1. Gathered the Runners: They collected data on 133 Fast Radio Bursts whose locations and distances are known.
2. Cleaned the Data: They subtracted the "rain" that fell right here in our own Milky Way galaxy to focus only on the "rain" from deep space.
3. The Comparison: They looked at the sky maps of the "puddles" (the tSZ effect from Planck and ACT satellites) and checked if the "wetness" of the runners correlated with the size of the puddles at different angles.

The Results

• They Found a Match: They successfully detected a positive connection.

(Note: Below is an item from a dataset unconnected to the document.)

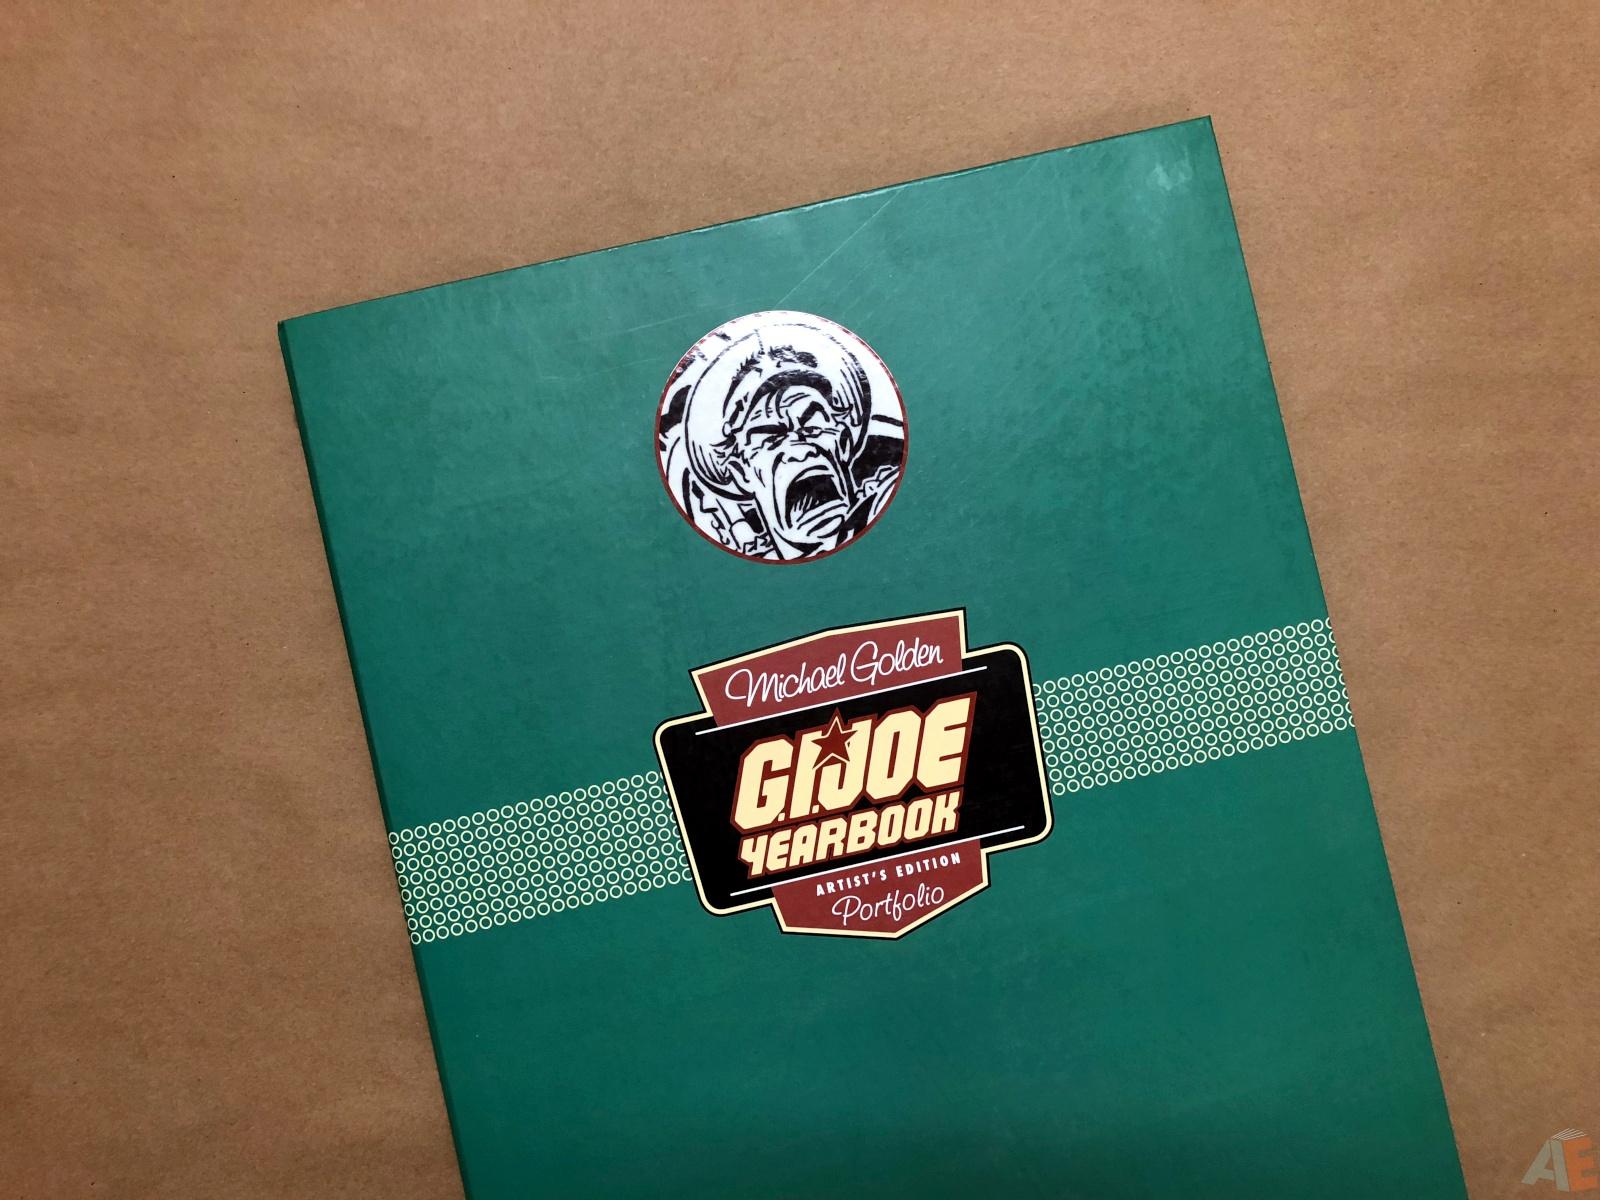 Michael Golden's G.I. Joe Yearbook: Artist's Edition Portfolio
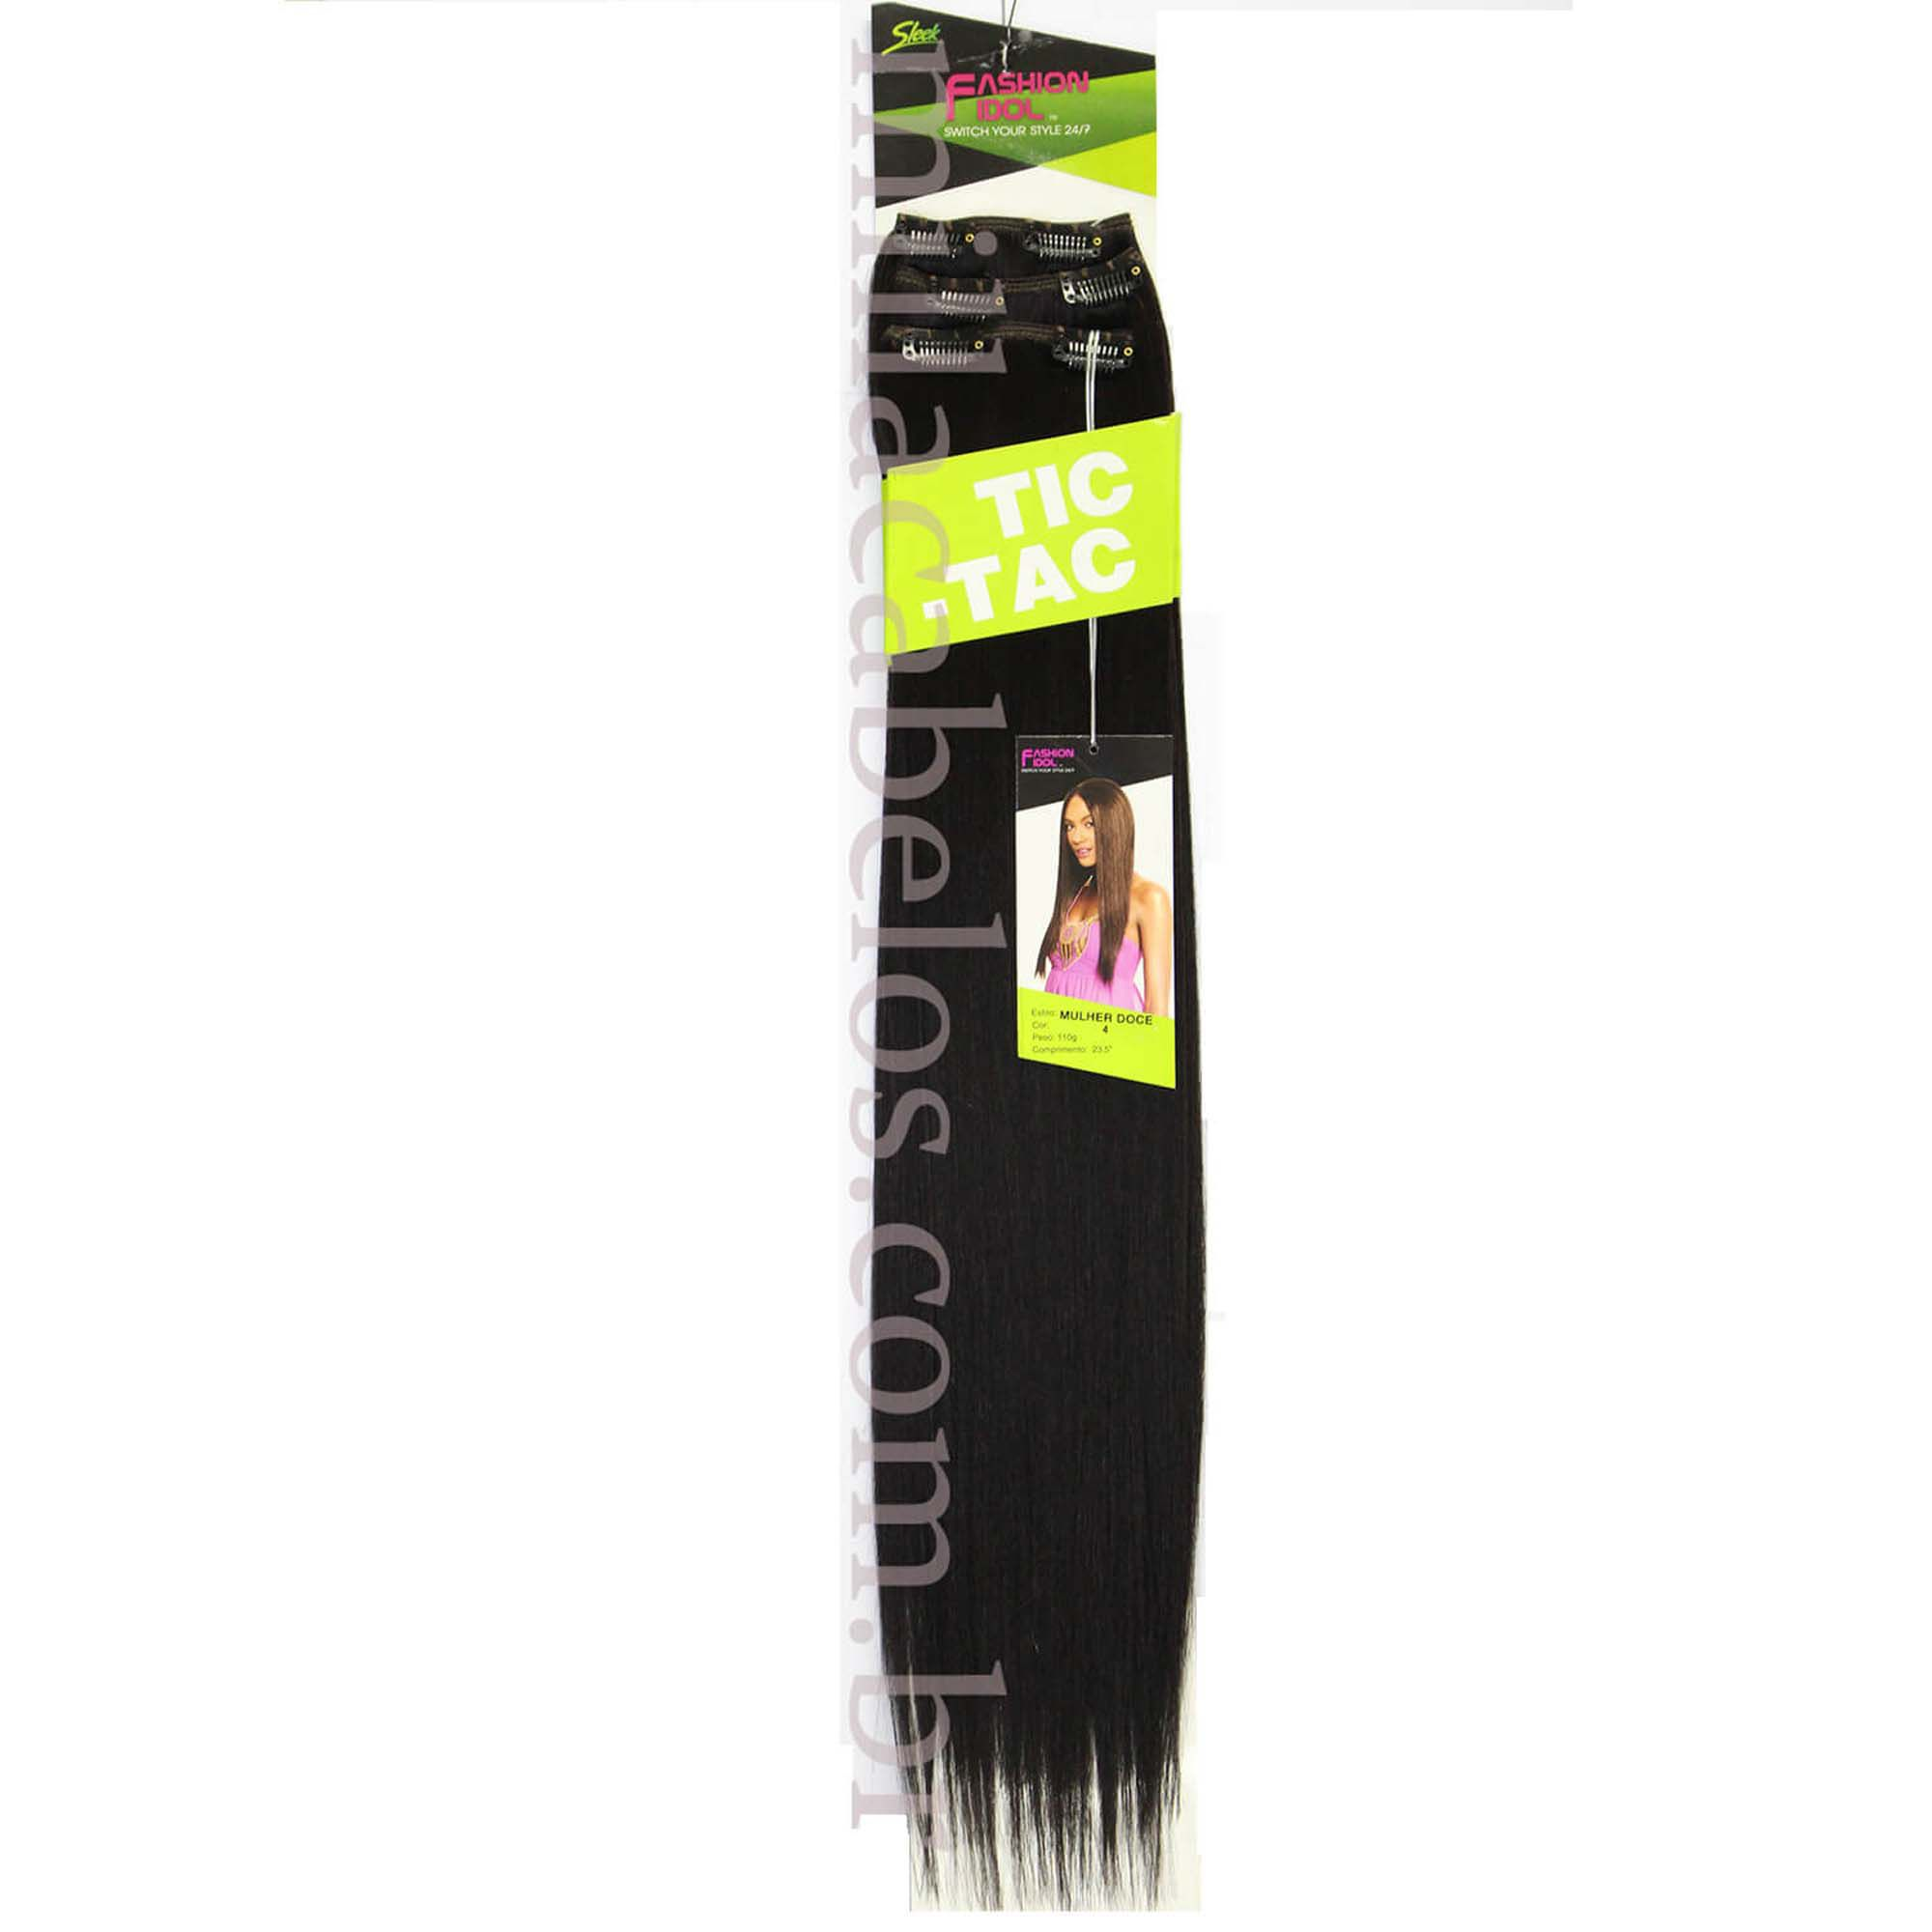 Cabelo Orgânico - Sleek Fashion Idol Tic Tac - Mulher Doce

Where there was more gas (higher DM), there was also more thermal pressure (higher y).
• The Strength: The connection was very strong when using data from the Planck satellite (a 4-sigma detection, which is a very confident "yes"). The data from the ACT telescope also showed a match, though with less certainty due to the smaller area it covers.
• Temperature: Based on how strong this connection was, they calculated that the average temperature of this invisible cosmic gas is about 20 million degrees Celsius. That is incredibly hot!

Why This Matters (According to the Paper)

The paper claims this is the first time this specific connection has been measured.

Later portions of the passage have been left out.